The other night I watched Fading Gigolo with a group of friends from the Hasidic community and I must admit, it was a good time. We laughed, really laughed. But not always because the script was funny, but because it was so absurd and cliché. The movie is a story about a male – none Jew – who becomes a prostitute after Woody Allen coaxes him to get into the world’s oldest profession. One of the gigolo’s (male prostitute’s) clients is a Hasidic woman, a widow, and the two end up falling (briefly) in love.

It is another movie that uses the extreme imagery of Hasidim for laughs. It is funny, but it isn’t very informative, although outsiders who watch it inadvertently to take their information from it. This week woman wanted to know if it is true that women can speak for themselves the way they did in the movie – because the Hasidic woman in the plot confronts the rabbis and defends herself. Well – the movie is certainly not a good place to look for information about gender in Hasidism. All you can learn about is how Hollywood sees Hasidim. That is, not necessarily incorrectly, but very cliched and stereotyped.
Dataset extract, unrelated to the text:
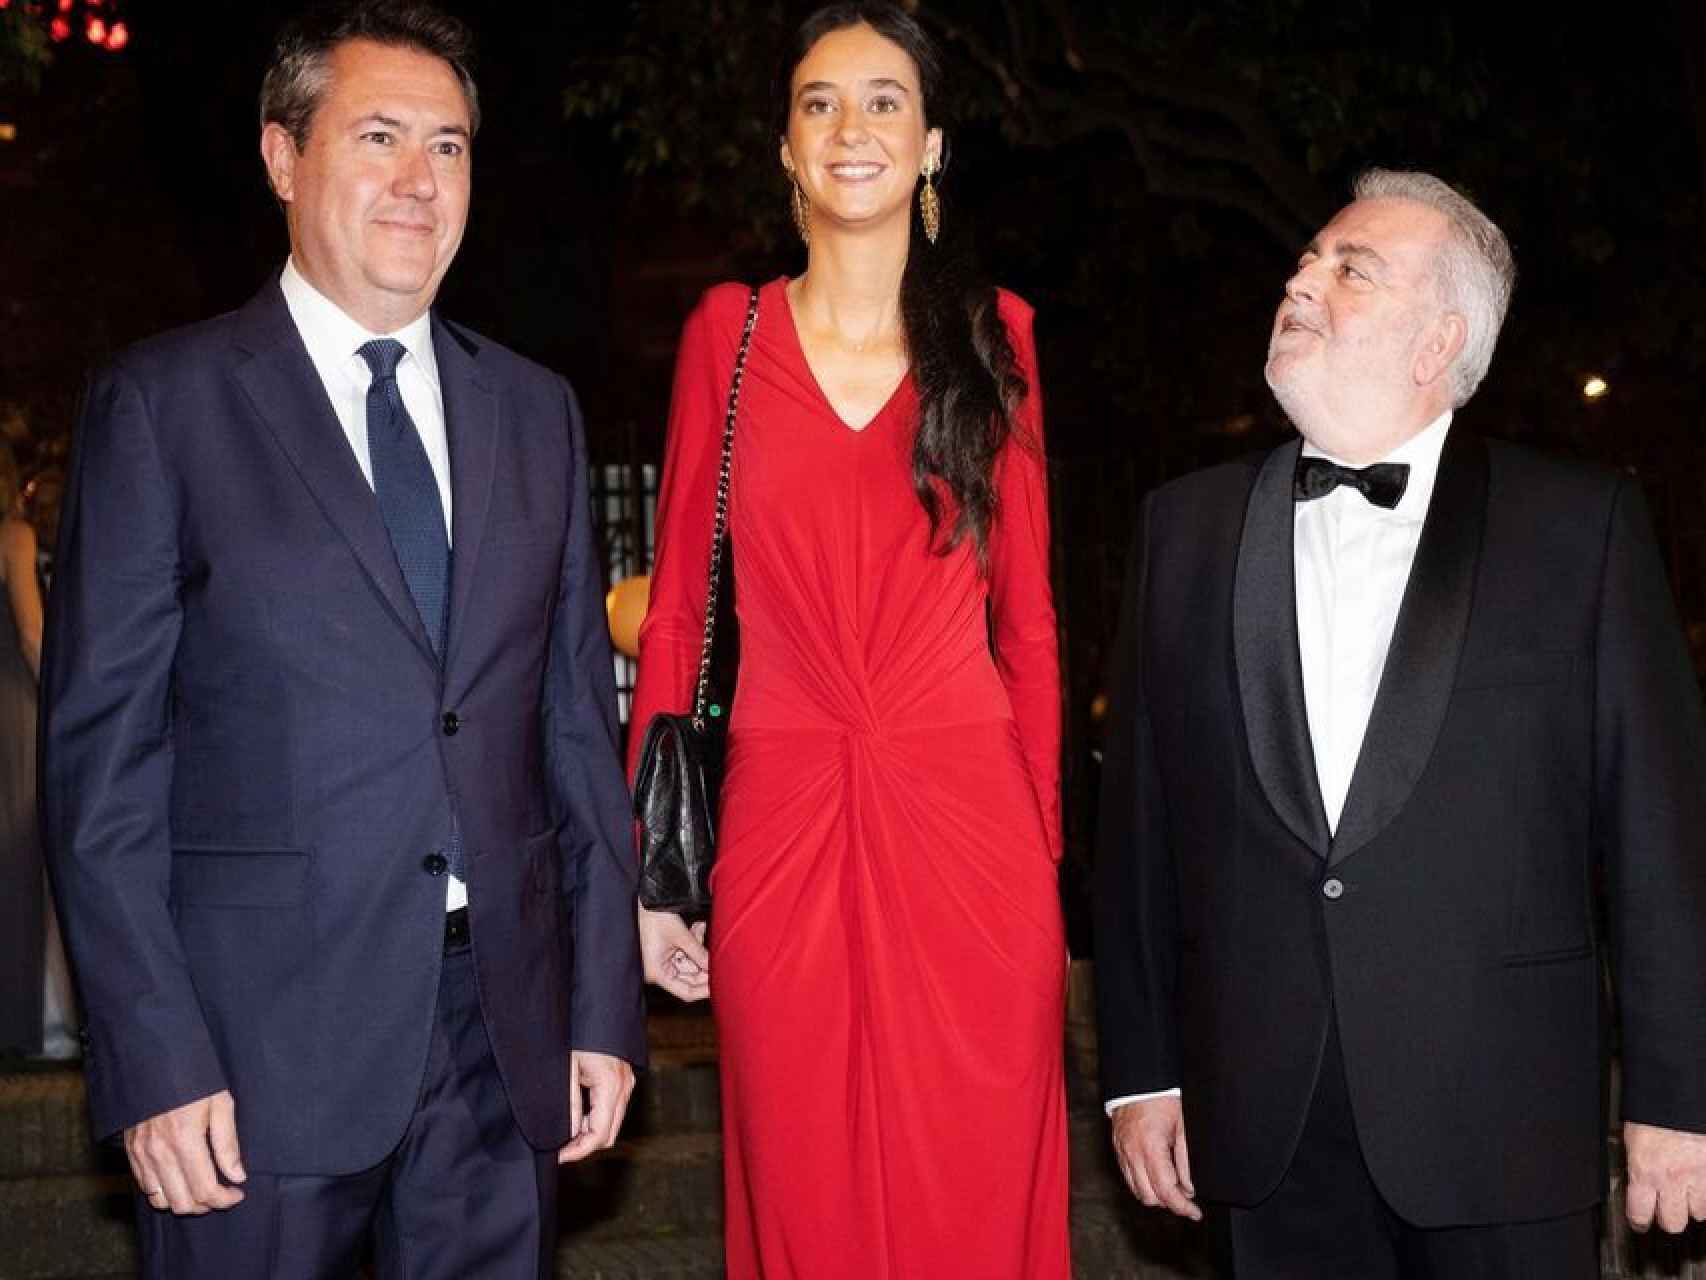 Victoria Federica con su bolso 2.55 de Chanel. A su izquierda el alcalde de Sevilla, Juan Espadas, y a su derecha el presidente del Real Club de Enganches de Andalucía, Jesús Contreras Ramos.

Here are the ten things Hollywood knows about Hasidim, and how it was worked into Fading Gigolo:

#1. Shomrim – Hollywood minds love the idea of independent police, a Hasidic mafia of sorts. In the movie, they have a comedic mafia flavor. Woody Allen gets surrounded and kidnapped into an SUV by a group of Hasidic men, and the Shomrim try so hard to be intimidating, the main guy coyly tells Woody Allen that he may not make it home after this.

In reality, I have never had any interactions with Shomrim, so I can’t say much about them, except that they are much less prevalent than they seem in the movies.

# 2 Rabbinic families – The woman in fading Gigilo is a widow, a professional lice checker AND her husband was a rabbi. While she doesn’t look like she belonged to a rabbinic family and nothing about her story makes it plausible, the plot predictably made her a rabbi’s wife. Hollywood loves rabbis, so why not. In reality, rebbish families make up only a small and very unique sector of the Hasidic population, but you’d never know it from the movies.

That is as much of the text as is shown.